学園でいい成績をとって魔力も強くなった途端、態度を変えて父親面するようになった前侯爵が嫌いだと言ってはいたけど、それでも父親だとは思っていたんだから、赤の他人の私のようにはドライに考えられなくて当然だ。
「私と同じね。私も安心したのよ。いくらなんでも私が息の根を止めるのはまずいもの」
「え?」
驚いてこちらを見たカルヴィンに優しく笑いかける。
「病気と言うことにして眷属にたのんで、私が屋根裏の部屋で生活していた時と同じ境遇にしてもらうことで復讐にしたでしょ? そうすればいずれ衰弱死すると思ったから。でもそんな嫌な仕事を眷属に任せるのはどうなんだろうって、ずっと考えていたの」
彼らにとってもレティシアを死なせた前侯爵に対する怒りは大きくて、サラスティアはさっさと殺したいって言っていたんだけどね。
「衰弱死……そうだよな。きみはそれだけのことをされてきたんだ。僕の話なんて甘いって思うんだろうね」
「甘くていいじゃない。私だって最近はだいぶ甘くなったと思うわよ。自由に動けるようになった当初は、裁判の頃ね、片っ端から復讐していく気満々だったのよ。でもいろんな人と触れ合って、大切な人が増えていくうちに復讐した後のことも考えるようになった」
「レティシア」
「それに、今日ばかりはあの男を少し見直したわ」
よろけるふりをして、体重を全てかけて短剣を深く突き刺したということは、あれは偶然ではなくてキンバリーを自分の手で殺すという覚悟があったということだ。

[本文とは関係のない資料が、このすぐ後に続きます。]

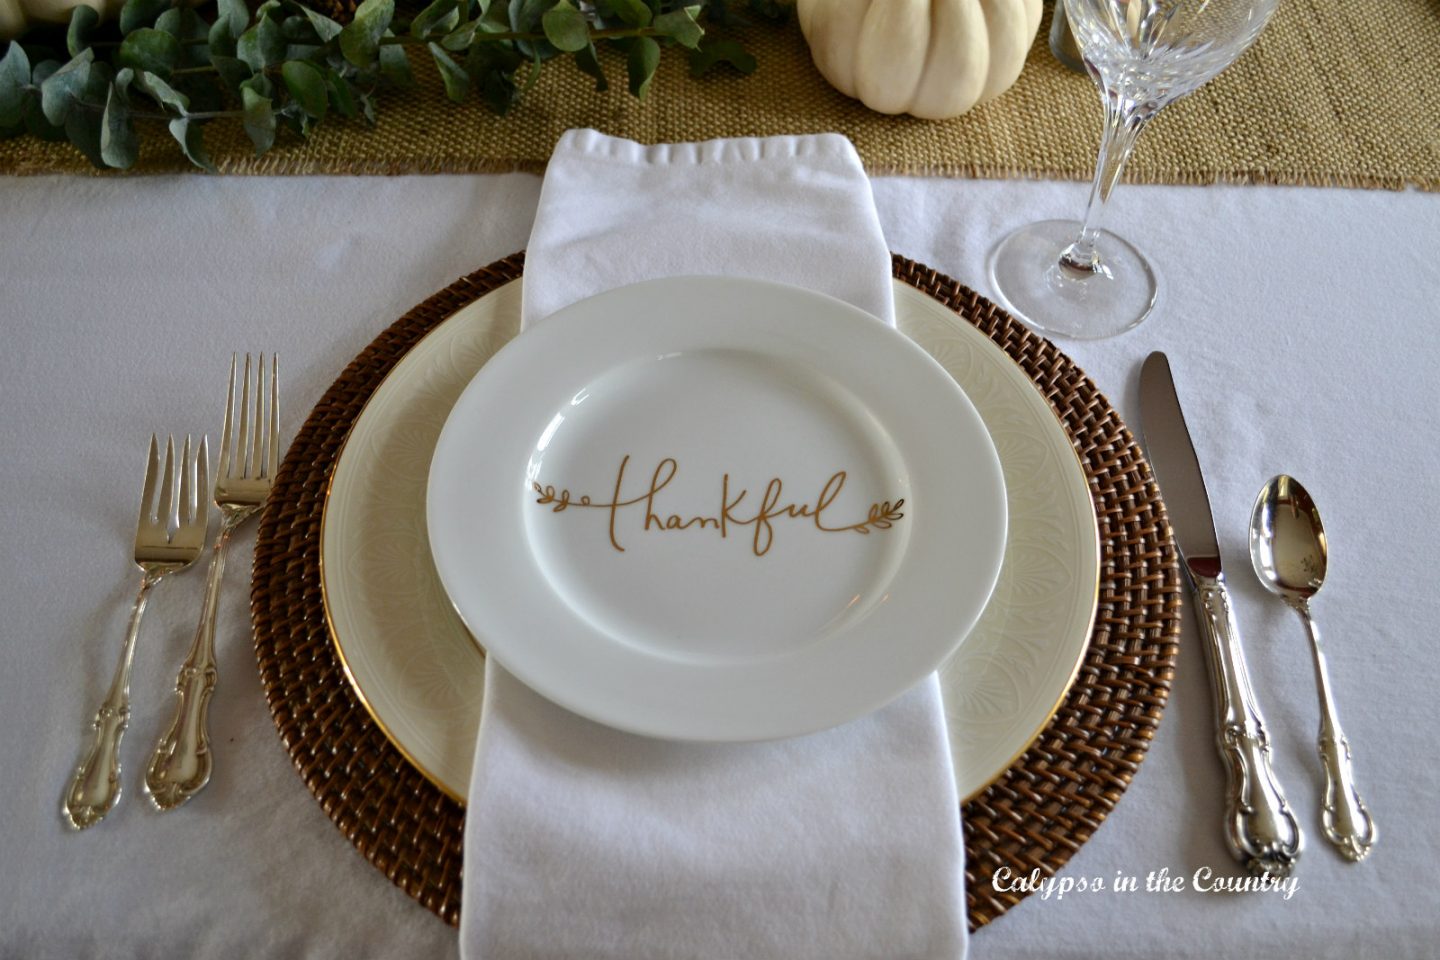 White napkins on Thanksgiving Table
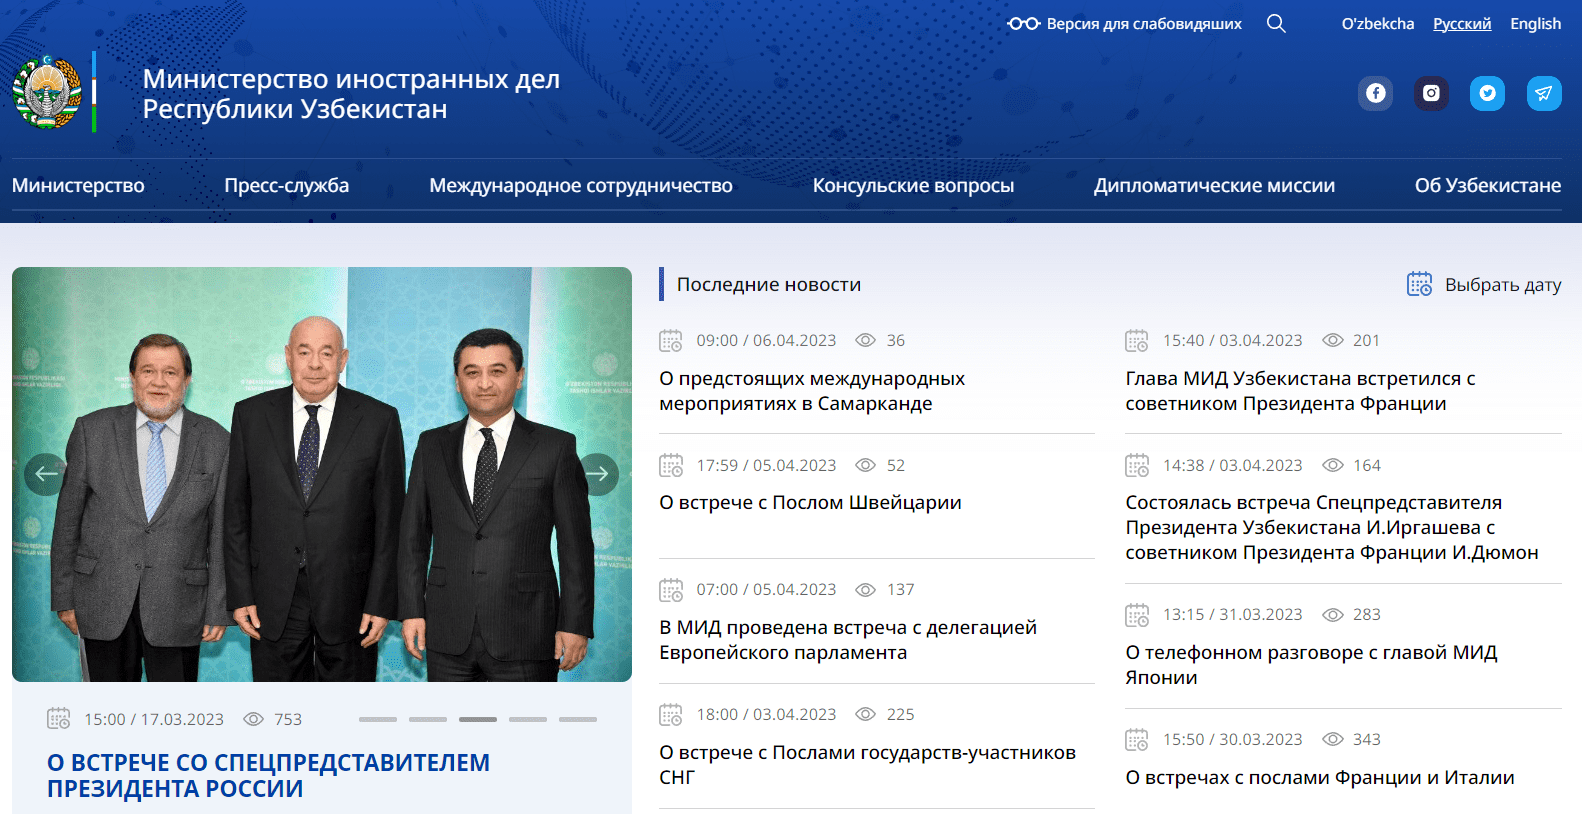 Министерства иностранных дел Республики Узбекистан (mfa.uz) - официальный сайт

「妖精がいることはあの男も知っていたのよ? それでもキンバリーについて行ったのは逃げられる可能性があるのなら、それにかけてみようと思ったのかなってあの場面を見るまでは思っていたの。でも違った。前侯爵はオグバーンの思惑を潰したかったのよ。それか……死に場所を探していたのかも」
「……そうだよね。僕もそれは考えたんだけど、父親のいいところを探して都合よく解釈しているかもと思っていた」
「そんなことないわ。キンバリーの誘いに乗るふりをして武器を手に入れ、利用されないように戦ったのよ」
もう誰にも真相はわからないんだから、そう思ったっていいじゃない。
それで心が軽くなる人がいるのなら、甘いとか都合がいいとか、そんなのどうでもいいわよ。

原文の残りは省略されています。